◆ What this task involves ◆
Count the lines in the data below that have "Light" in them, and reply with only that number.
**** Data section
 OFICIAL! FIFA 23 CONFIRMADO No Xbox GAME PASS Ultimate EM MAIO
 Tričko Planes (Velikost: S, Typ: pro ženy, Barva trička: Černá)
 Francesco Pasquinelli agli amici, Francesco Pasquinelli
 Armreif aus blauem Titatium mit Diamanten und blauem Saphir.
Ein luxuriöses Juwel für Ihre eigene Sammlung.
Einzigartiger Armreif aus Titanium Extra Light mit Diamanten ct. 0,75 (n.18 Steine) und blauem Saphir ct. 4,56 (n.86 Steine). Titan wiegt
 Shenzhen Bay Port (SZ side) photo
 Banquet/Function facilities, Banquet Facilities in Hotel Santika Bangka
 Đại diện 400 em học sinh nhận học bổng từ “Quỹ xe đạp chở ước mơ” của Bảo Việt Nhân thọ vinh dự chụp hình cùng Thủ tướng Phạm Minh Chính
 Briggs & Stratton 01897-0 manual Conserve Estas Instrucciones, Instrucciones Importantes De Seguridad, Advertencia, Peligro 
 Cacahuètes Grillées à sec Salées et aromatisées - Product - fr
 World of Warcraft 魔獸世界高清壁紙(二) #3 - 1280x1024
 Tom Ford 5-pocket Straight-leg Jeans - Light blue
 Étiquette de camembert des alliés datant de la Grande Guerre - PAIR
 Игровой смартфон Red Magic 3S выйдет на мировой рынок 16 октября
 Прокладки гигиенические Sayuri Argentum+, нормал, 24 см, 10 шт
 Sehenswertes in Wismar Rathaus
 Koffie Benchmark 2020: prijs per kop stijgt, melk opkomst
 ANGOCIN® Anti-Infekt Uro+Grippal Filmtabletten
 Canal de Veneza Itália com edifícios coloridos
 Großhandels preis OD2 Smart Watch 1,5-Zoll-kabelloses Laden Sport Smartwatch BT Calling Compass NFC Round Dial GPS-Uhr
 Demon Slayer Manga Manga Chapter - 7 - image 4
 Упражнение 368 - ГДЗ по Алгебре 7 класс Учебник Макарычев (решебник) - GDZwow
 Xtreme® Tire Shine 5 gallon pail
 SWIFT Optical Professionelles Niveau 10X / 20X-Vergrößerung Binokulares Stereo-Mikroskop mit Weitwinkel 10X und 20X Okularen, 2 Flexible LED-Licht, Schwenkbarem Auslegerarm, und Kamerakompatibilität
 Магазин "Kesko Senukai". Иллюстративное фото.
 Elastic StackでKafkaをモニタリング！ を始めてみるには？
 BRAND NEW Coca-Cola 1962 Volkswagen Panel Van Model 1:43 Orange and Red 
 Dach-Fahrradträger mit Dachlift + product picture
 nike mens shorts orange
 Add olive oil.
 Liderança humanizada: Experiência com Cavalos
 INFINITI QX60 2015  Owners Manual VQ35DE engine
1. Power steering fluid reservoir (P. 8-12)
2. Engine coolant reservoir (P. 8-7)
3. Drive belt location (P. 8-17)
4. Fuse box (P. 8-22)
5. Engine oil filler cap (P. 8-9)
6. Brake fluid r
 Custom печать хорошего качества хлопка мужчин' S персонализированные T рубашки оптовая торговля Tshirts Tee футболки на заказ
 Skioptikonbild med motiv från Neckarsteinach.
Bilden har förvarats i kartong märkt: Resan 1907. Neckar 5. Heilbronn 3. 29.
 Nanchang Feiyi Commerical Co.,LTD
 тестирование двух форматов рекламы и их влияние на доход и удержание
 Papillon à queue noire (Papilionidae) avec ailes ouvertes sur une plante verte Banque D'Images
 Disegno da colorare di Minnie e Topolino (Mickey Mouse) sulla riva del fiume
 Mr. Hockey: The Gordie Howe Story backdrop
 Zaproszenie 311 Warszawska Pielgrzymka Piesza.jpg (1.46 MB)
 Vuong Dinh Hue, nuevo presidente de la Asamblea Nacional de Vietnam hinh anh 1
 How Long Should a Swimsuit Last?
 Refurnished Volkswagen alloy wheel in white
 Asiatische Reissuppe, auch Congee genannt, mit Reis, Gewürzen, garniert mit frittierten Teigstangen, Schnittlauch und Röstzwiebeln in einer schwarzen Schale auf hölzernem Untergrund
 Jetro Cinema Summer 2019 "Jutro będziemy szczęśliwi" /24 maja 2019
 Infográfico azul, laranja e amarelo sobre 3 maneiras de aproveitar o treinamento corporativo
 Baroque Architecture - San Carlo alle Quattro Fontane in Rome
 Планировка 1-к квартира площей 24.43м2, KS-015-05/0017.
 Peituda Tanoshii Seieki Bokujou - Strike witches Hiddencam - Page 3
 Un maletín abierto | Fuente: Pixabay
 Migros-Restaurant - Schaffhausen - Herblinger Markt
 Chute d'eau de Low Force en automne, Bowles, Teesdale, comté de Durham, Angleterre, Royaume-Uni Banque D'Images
********
◆ Exercise answer ◆
2